Dreamy_Jazz renamed this task from [M] Investigate: Respond to data update and import errors to Investigate: Respond to data update and import errors.Nov 20 2023, 4:28 PM
Dreamy_Jazz set the point value for this task to 2.

Change 982364 had a related patch set uploaded (by Kosta Harlan; author: Kosta Harlan):

[operations/deployment-charts@master] ipoid: Bump version

https://gerrit.wikimedia.org/r/982364

Change 982364 merged by jenkins-bot:

[operations/deployment-charts@master] ipoid: Bump version

https://gerrit.wikimedia.org/r/982364

Change 982375 had a related patch set uploaded (by Kosta Harlan; author: Kosta Harlan):

[operations/deployment-charts@master] ipoid: Bump version

https://gerrit.wikimedia.org/r/982375

Change 982375 merged by jenkins-bot:

[operations/deployment-charts@master] ipoid: Bump version

https://gerrit.wikimedia.org/r/982375

Change 982386 had a related patch set uploaded (by Kosta Harlan; author: Kosta Harlan):

[operations/deployment-charts@master] ipoid: Bump version

https://gerrit.wikimedia.org/r/982386

Change 982386 merged by jenkins-bot:

[operations/deployment-charts@master] ipoid: Bump version

https://gerrit.wikimedia.org/r/982386

Tchanders renamed this task from Investigate: Respond to data update and import errors to Respond to data update and import errors.Jan 12 2024, 12:14 PM

https://gitlab.wikimedia.org/repos/mediawiki/services/ipoid/-/merge_requests/172 implements the following workflow:

image.png (1×2 px, 151 KB)

The script is expected to run at a more frequent cadence than daily and should reach one conclusion on every run. With more frequent runs, that should be enough tries to recover from an error and continue that day's import before the next one.

Change 991416 had a related patch set uploaded (by Kosta Harlan; author: Kosta Harlan):

[operations/deployment-charts@master] ipoid: Bump version and schedule multiple runs

https://gerrit.wikimedia.org/r/991416

Change 991416 merged by jenkins-bot:

[operations/deployment-charts@master] ipoid: Bump version and schedule multiple runs

https://gerrit.wikimedia.org/r/991416

Change 991417 had a related patch set uploaded (by Kosta Harlan; author: Kosta Harlan):

[operations/deployment-charts@master] ipoid: Bump chart version

https://gerrit.wikimedia.org/r/991417

Change 991417 merged by jenkins-bot:

[operations/deployment-charts@master] ipoid: Bump chart version

https://gerrit.wikimedia.org/r/991417

@STran What kinds of errors are we guarding against?

I have been struggling to simulate realistic import errors. I have experimented with using timeout.

For example, in import.sh I have modified line 67:

timeout <seconds> node -e "require('./update-db.js')('$file');"
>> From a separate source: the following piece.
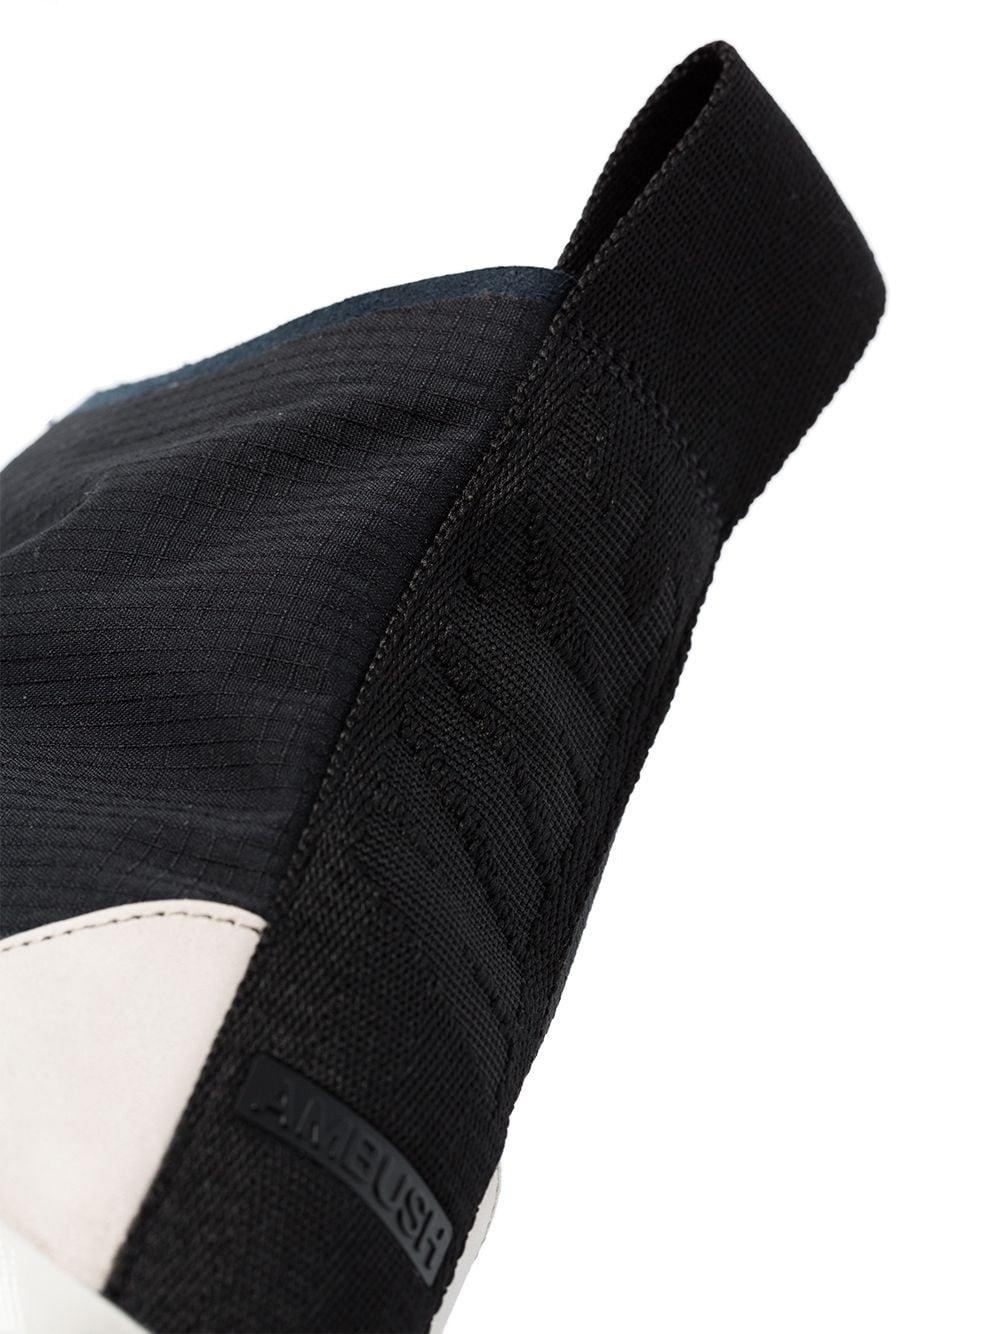 Zapatillas altas Air Max 180 de x Ambush Nike de Tejido sintético de color  Negro para hombre | Lyst

and then ran docker compose exec web ./main.sh --init true --today <date> --debug true

Experimenting with different values of <seconds> I have managed to get import_status into potentially unexpected states:

SELECT * FROM import_status;
+---------+---------------------+---------------------+-----------------------------+--------------------------------------+-------------+--------------+
| batchid | timestamp           | feed_file_yesterday | feed_file_today             | batch_file                           | batch_count | batch_status |
+---------+---------------------+---------------------+-----------------------------+--------------------------------------+-------------+--------------+
|       1 | 2024-01-24 16:31:14 |                     | /tmp/ipoid/20240109.json.gz | /tmp/ipoid/sub/query_split_aaaaq.sql |          20 |            0 |
+---------+---------------------+---------------------+-----------------------------+--------------------------------------+-------------+--------------+

and

+---------+---------------------+---------------------+-----------------------------+--------------------------------------+-------------+--------------+
| batchid | timestamp           | feed_file_yesterday | feed_file_today             | batch_file                           | batch_count | batch_status |
+---------+---------------------+---------------------+-----------------------------+--------------------------------------+-------------+--------------+
|       1 | 2024-01-24 16:36:30 |                     | /tmp/ipoid/20240109.json.gz | /tmp/ipoid/sub/query_split_aaaaq.sql |          20 |            1 |
+---------+---------------------+---------------------+-----------------------------+--------------------------------------+-------------+--------------+

This is because main.sh exited after its first call to node -e "require('./update-db.js')('$file');", and so only one batch was processed.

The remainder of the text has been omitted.